Merge pull request #488 from kartik-git/add-q-rouge-score

moe18 · web-flow · commit 3d1abd4c37e2 · 2025-07-02T16:59:16.000-04:00
Adding new question for ROUGE-1 Score #144
diff --git a/questions/152_implementing-rouge-score/description.md b/questions/152_implementing-rouge-score/description.md
@@ -0,0 +1,5 @@
+## Problem
+
+Implement the ROUGE-1 (Recall-Oriented Understudy for Gisting Evaluation) score to evaluate the quality of a generated summary by comparing it to a reference summary. ROUGE-1 focuses on unigram (single word) overlaps between the candidate and reference texts.
+
+Your task is to write a function that computes the ROUGE-1 recall, precision, and F1 score based on the number of overlapping unigrams.
diff --git a/questions/152_implementing-rouge-score/example.json b/questions/152_implementing-rouge-score/example.json
@@ -0,0 +1,5 @@
+{
+  "input": "rouge_1_score('the cat sat on the mat', 'the cat is on the mat')",
+  "output": "{'precision': 0.8333333333333334, 'recall': 0.8333333333333334, 'f1': 0.8333333333333334}",
+  "reasoning": "The reference text 'the cat sat on the mat' has 6 tokens, and the candidate text 'the cat is on the mat' has 6 tokens. The overlapping words are: 'the' (appears 2 times in reference, 2 times in candidate, so min(2,2)=2 overlap), 'cat' (1,1 → 1 overlap), 'on' (1,1 → 1 overlap), and 'mat' (1,1 → 1 overlap). Total overlap = 2+1+1+1 = 5. Precision = 5/6 ≈ 0.833 (5 overlapping words out of 6 candidate words). Recall = 5/6 ≈ 0.833 (5 overlapping words out of 6 reference words). F1 = 2×(0.833×0.833)/(0.833+0.833) = 0.833 since precision equals recall."
+}
diff --git a/questions/152_implementing-rouge-score/learn.md b/questions/152_implementing-rouge-score/learn.md
@@ -0,0 +1,98 @@
+# ROUGE-1 Score Learning Guide
+
+## Solution Explanation
+
+ROUGE-1 (Recall-Oriented Understudy for Gisting Evaluation) is a fundamental metric for evaluating the quality of automatically generated summaries by comparing them to reference summaries. The "1" in ROUGE-1 refers to unigrams (single words), making it the most basic but widely used variant of ROUGE metrics.
+
+### Intuition
+
+Imagine you're a teacher grading a student's book summary. You have a reference summary (the "gold standard") and want to measure how well the student's summary captures the key information. ROUGE-1 essentially counts how many important words from the reference summary appear in the student's summary.
+
+The core idea is simple: **if a generated summary contains many of the same words as a high-quality reference summary, it's likely capturing similar content and therefore of good quality.**
+
+### Mathematical Foundation
+
+ROUGE-1 is built on three fundamental components:
+
+**1. Precision (P)**
+$$P = \frac{\text{Number of overlapping unigrams}}{\text{Total unigrams in generated summary}}$$
+
+**2. Recall (R)**
+$$R = \frac{\text{Number of overlapping unigrams}}{\text{Total unigrams in reference summary}}$$
+
+**3. F1-Score (F)**
+$$F = \frac{2 \times P \times R}{P + R}$$
+
+Where an "overlapping unigram" is a word that appears in both the generated summary and the reference summary.
+
+### Step-by-Step Calculation Process
+
+Let's work through a concrete example:
+
+**Reference Summary:** "The quick brown fox jumps over the lazy dog"

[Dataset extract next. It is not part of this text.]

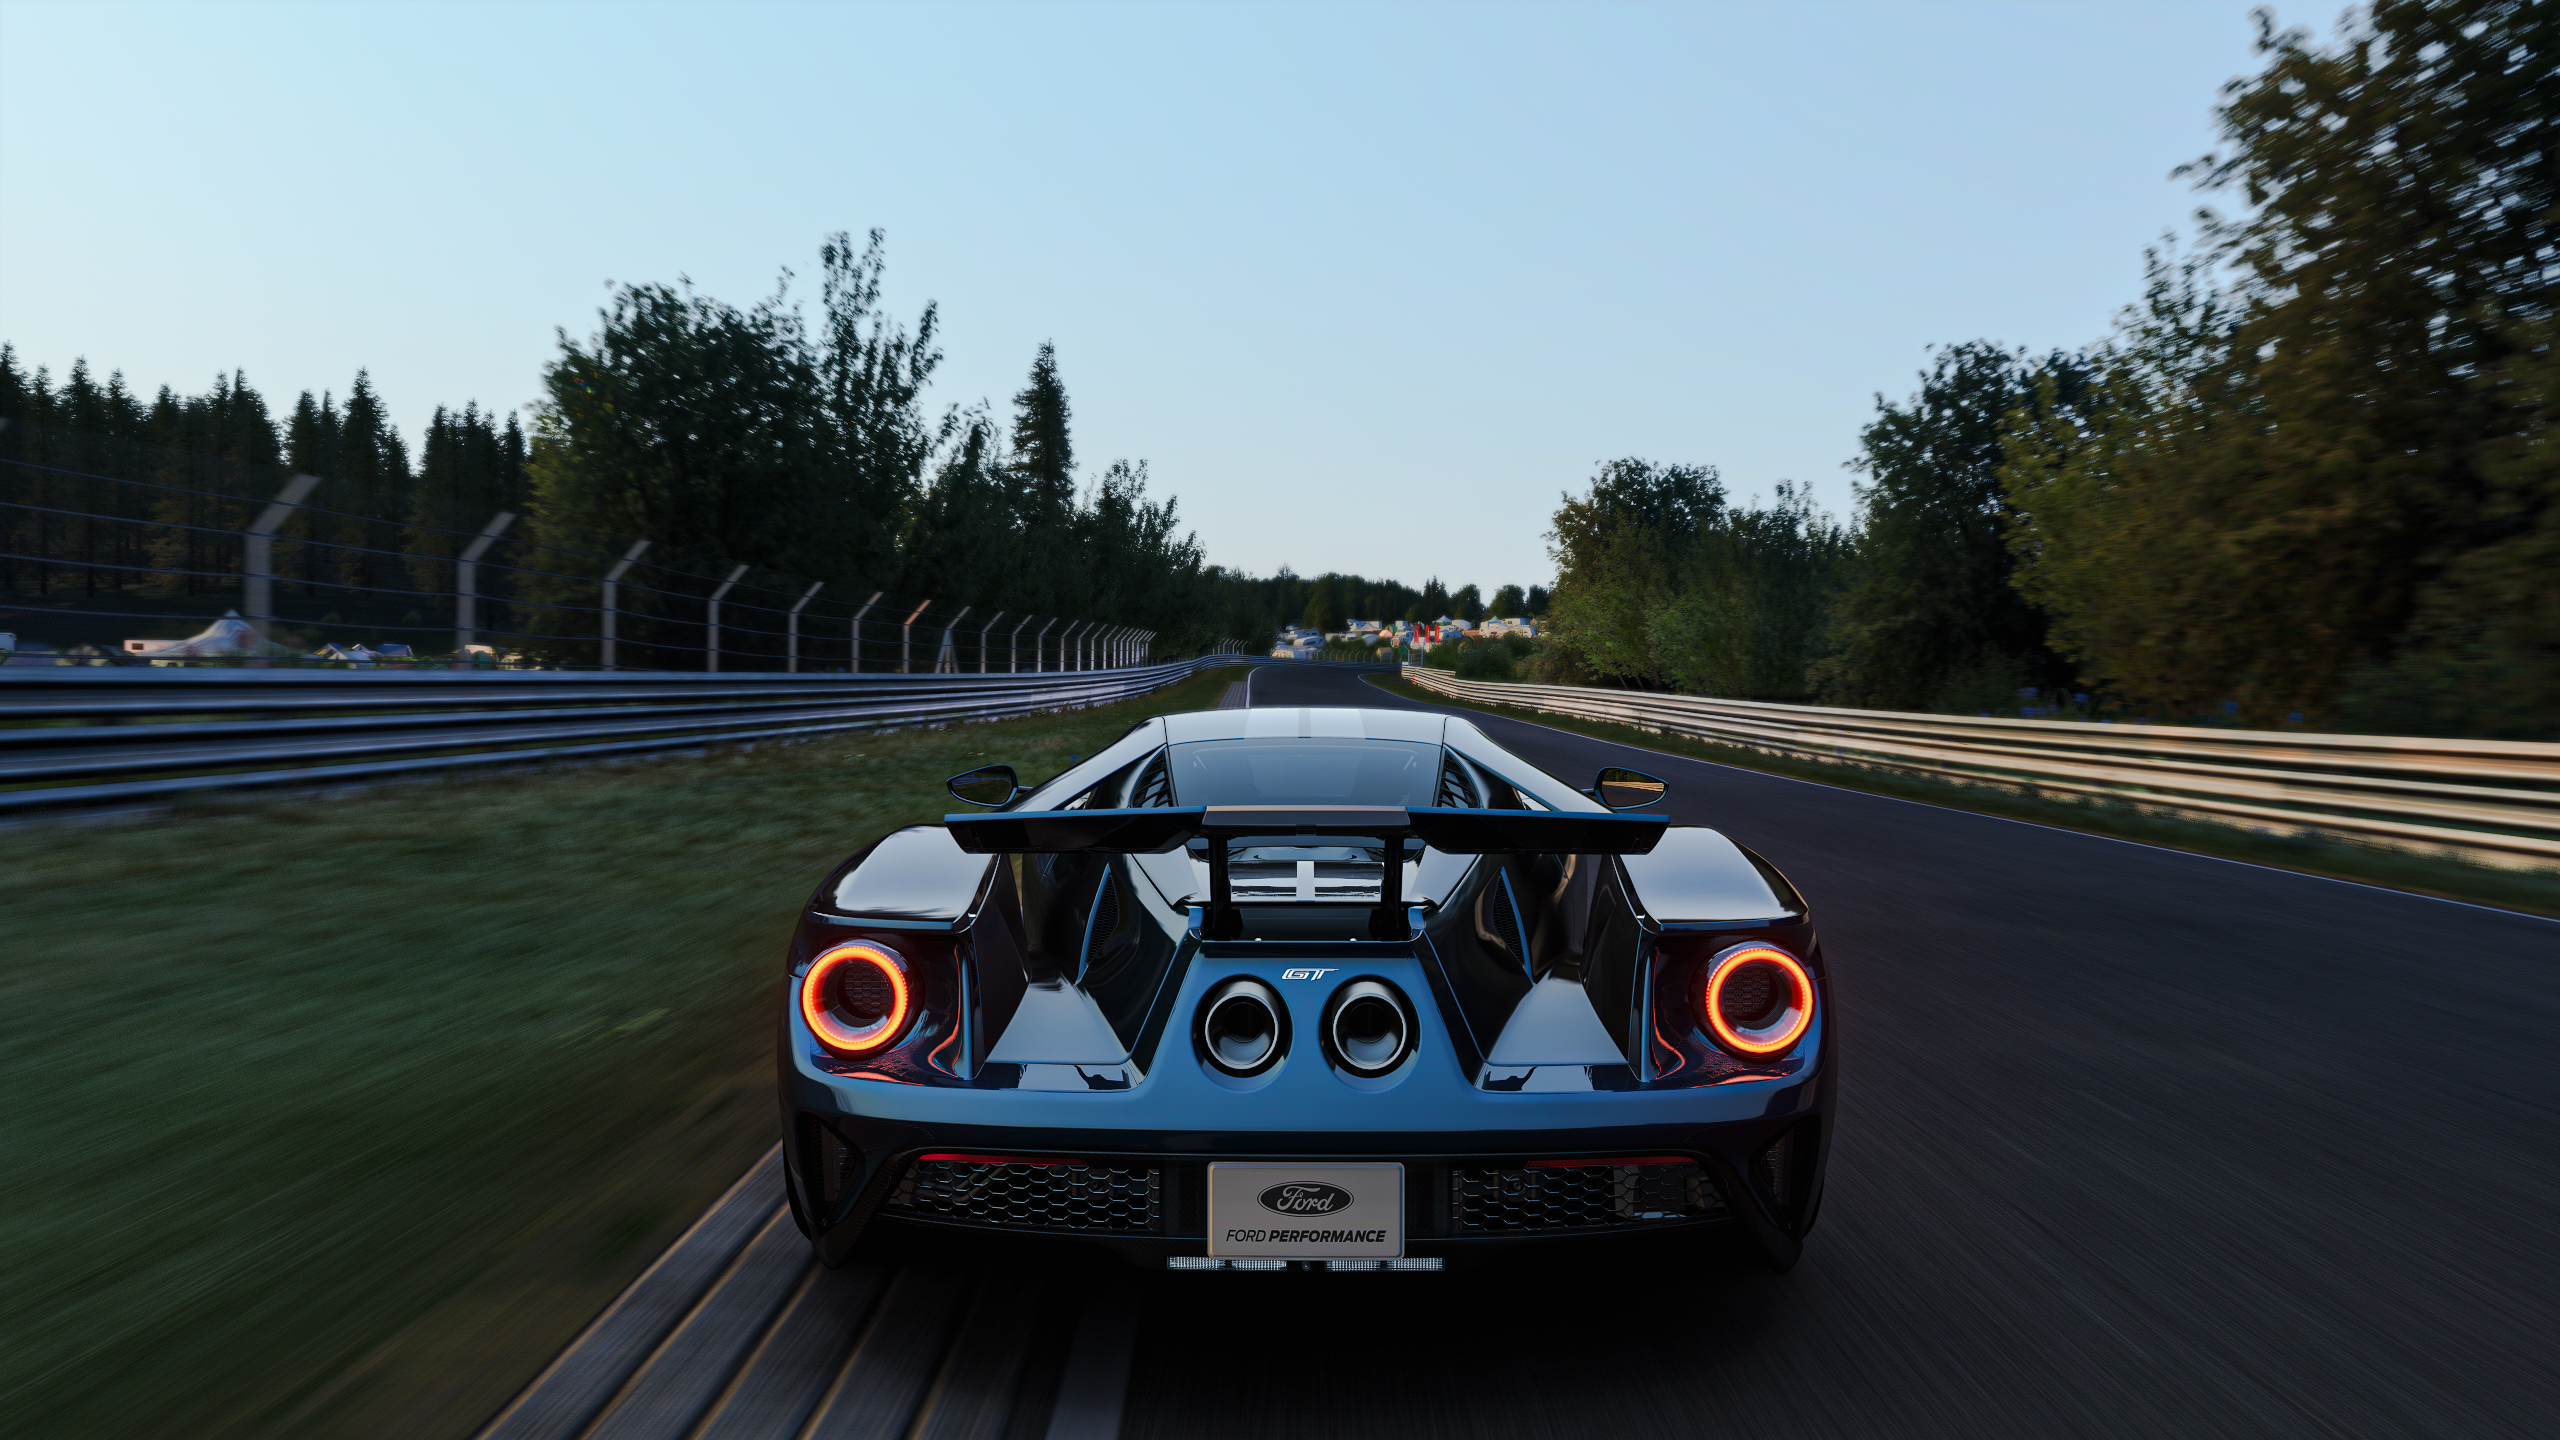 Car Vehicle Assetto Corsa Ford Ford GT Ford GT Mk Ii Nurburgring Simulation Rear View Race Tracks Li 2560x1440

+**Generated Summary:** "A quick fox jumps over a lazy cat"
+
+**Step 1: Tokenization**
+- Reference tokens: ["The", "quick", "brown", "fox", "jumps", "over", "the", "lazy", "dog"]
+- Generated tokens: ["A", "quick", "fox", "jumps", "over", "a", "lazy", "cat"]
+
+**Step 2: Identify Overlapping Unigrams**
+Overlapping words (case-insensitive): ["quick", "fox", "jumps", "over", "lazy"]
+- Count of overlapping unigrams: 5
+
+**Step 3: Calculate Precision**
+$$P = \frac{5}{8} = 0.625$$
+*Interpretation: 62.5% of words in the generated summary appear in the reference*
+
+**Step 4: Calculate Recall**
+$$R = \frac{5}{9} = 0.556$$
+*Interpretation: 55.6% of words in the reference summary are captured in the generated summary*
+
+**Step 5: Calculate F1-Score**
+$$F = \frac{2 \times 0.625 \times 0.556}{0.625 + 0.556} = \frac{0.695}{1.181} = 0.588$$
+
+### Understanding the Components
+
+**Precision answers:** "Of all the words in my generated summary, how many are actually relevant (appear in the reference)?"
+- High precision means the generated summary doesn't contain many irrelevant words
+- Low precision suggests the summary is verbose or off-topic
+
+**Recall answers:** "Of all the important words in the reference, how many did my generated summary capture?"
+- High recall means the generated summary covers most key information
+- Low recall suggests the summary misses important content
+
+**F1-Score provides:** A balanced measure that penalizes both missing important information (low recall) and including irrelevant information (low precision)
+
+### Advanced Considerations
+
+**Preprocessing Steps:**
+1. **Case normalization:** Convert all text to lowercase
+2. **Tokenization:** Split text into individual words
+3. **Stop word handling:** Optionally remove common words like "the", "and", "is"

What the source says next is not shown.